DATA PROVIDED
━━━━━━

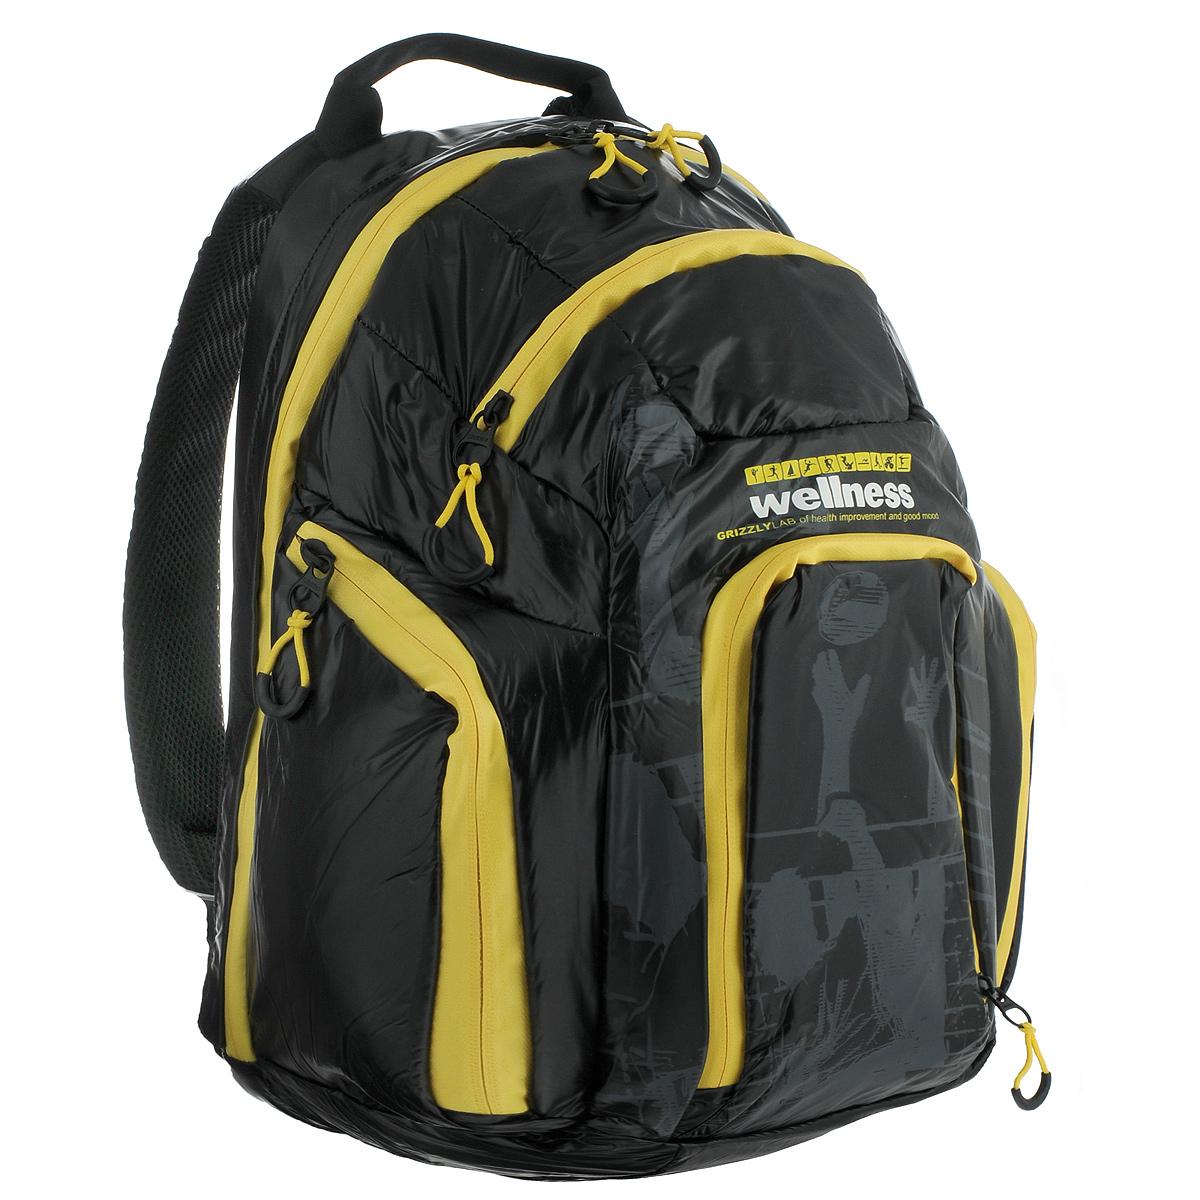 Рюкзак городской Grizzly, цвет: черный, желтый. RU-417-1 рюкзак городской grizzly цвет черный желтый 22 л ru 603 1 2
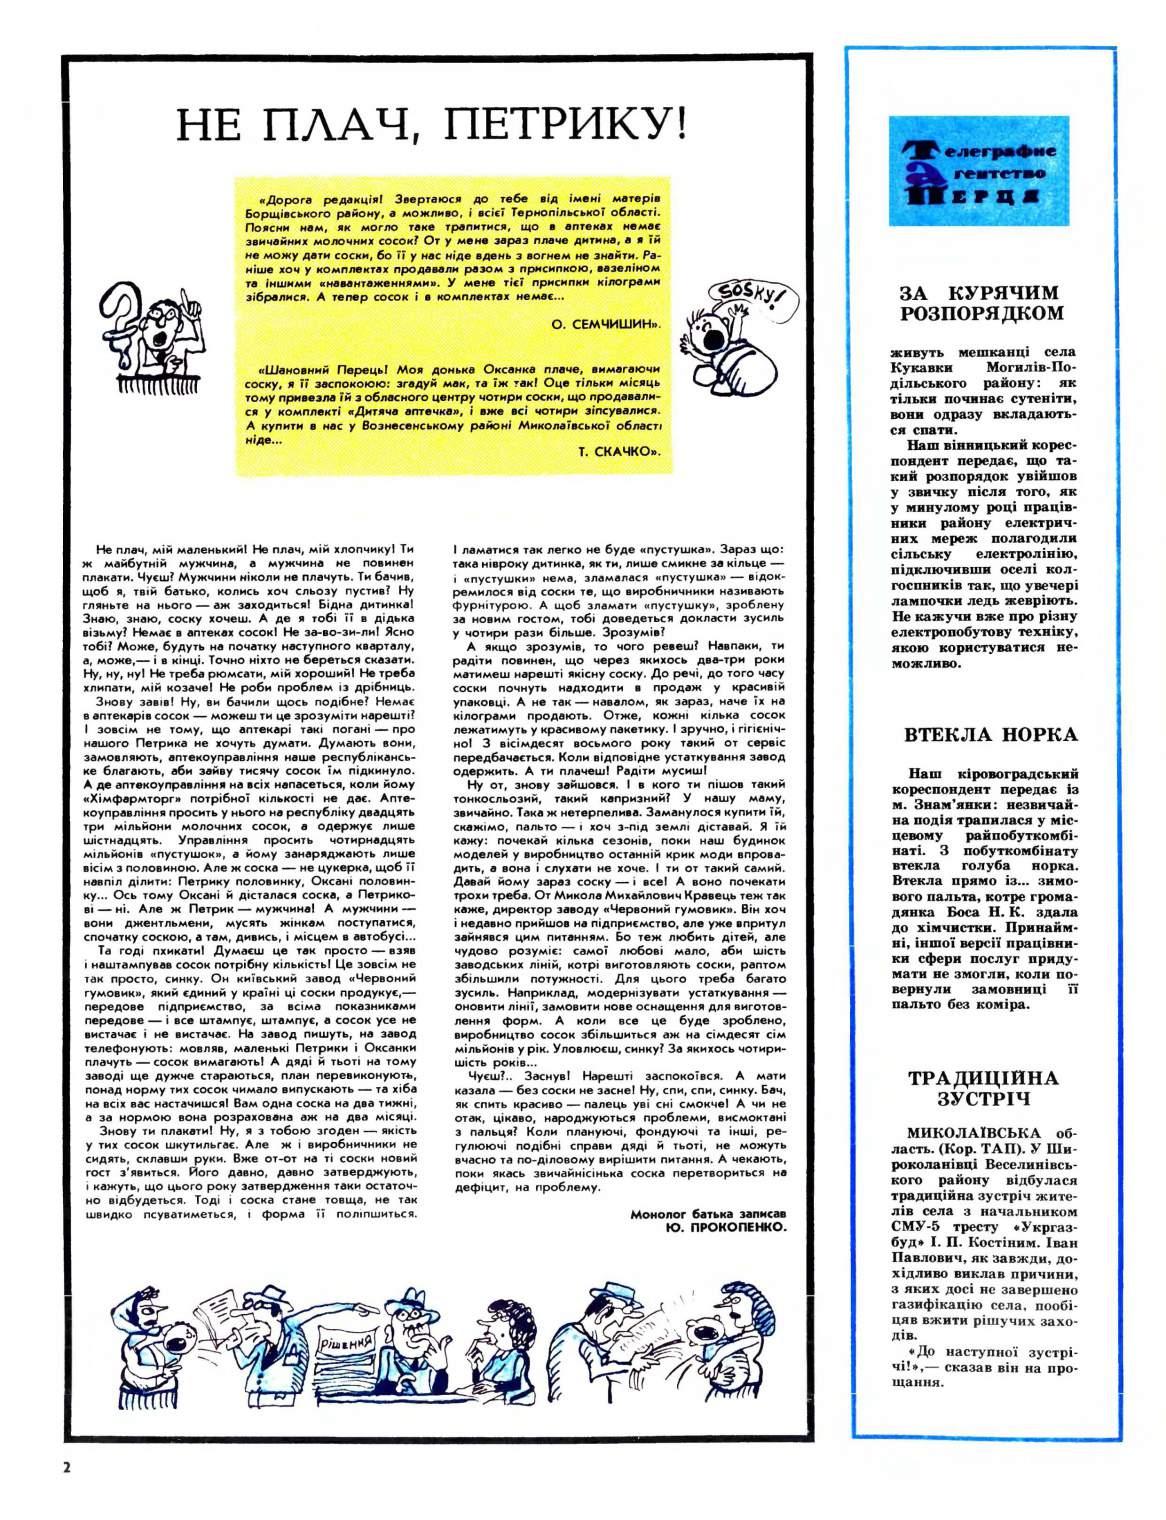 Журнал перець 1986 №02
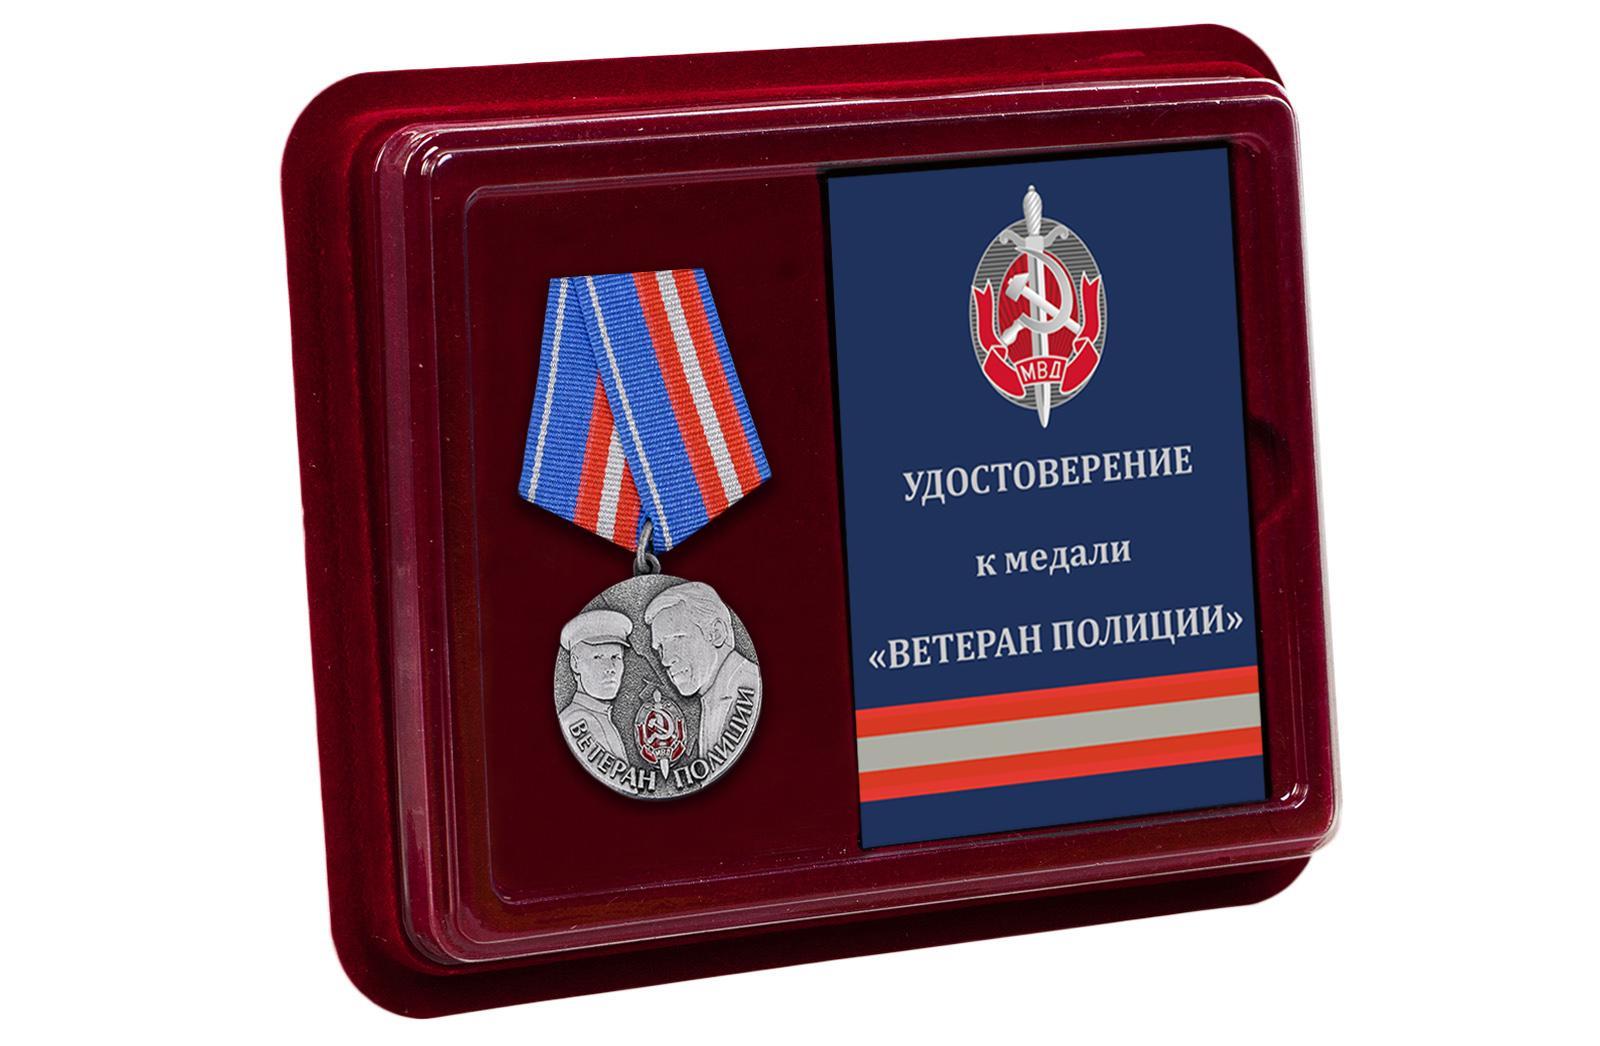 Купить медаль Ветеран полиции в футляре с удостоверением онлайн

━━━━━━

YOUR OBJECTIVE
This task calls for the lines from the line holding "Журнал перець 1986 №02" through the last line above, restated word for word with both ends included and the pictures dropped.

SOLVED EXERCISE
 Журнал перець 1986 №02
 Купить медаль Ветеран полиции в футляре с удостоверением онлайн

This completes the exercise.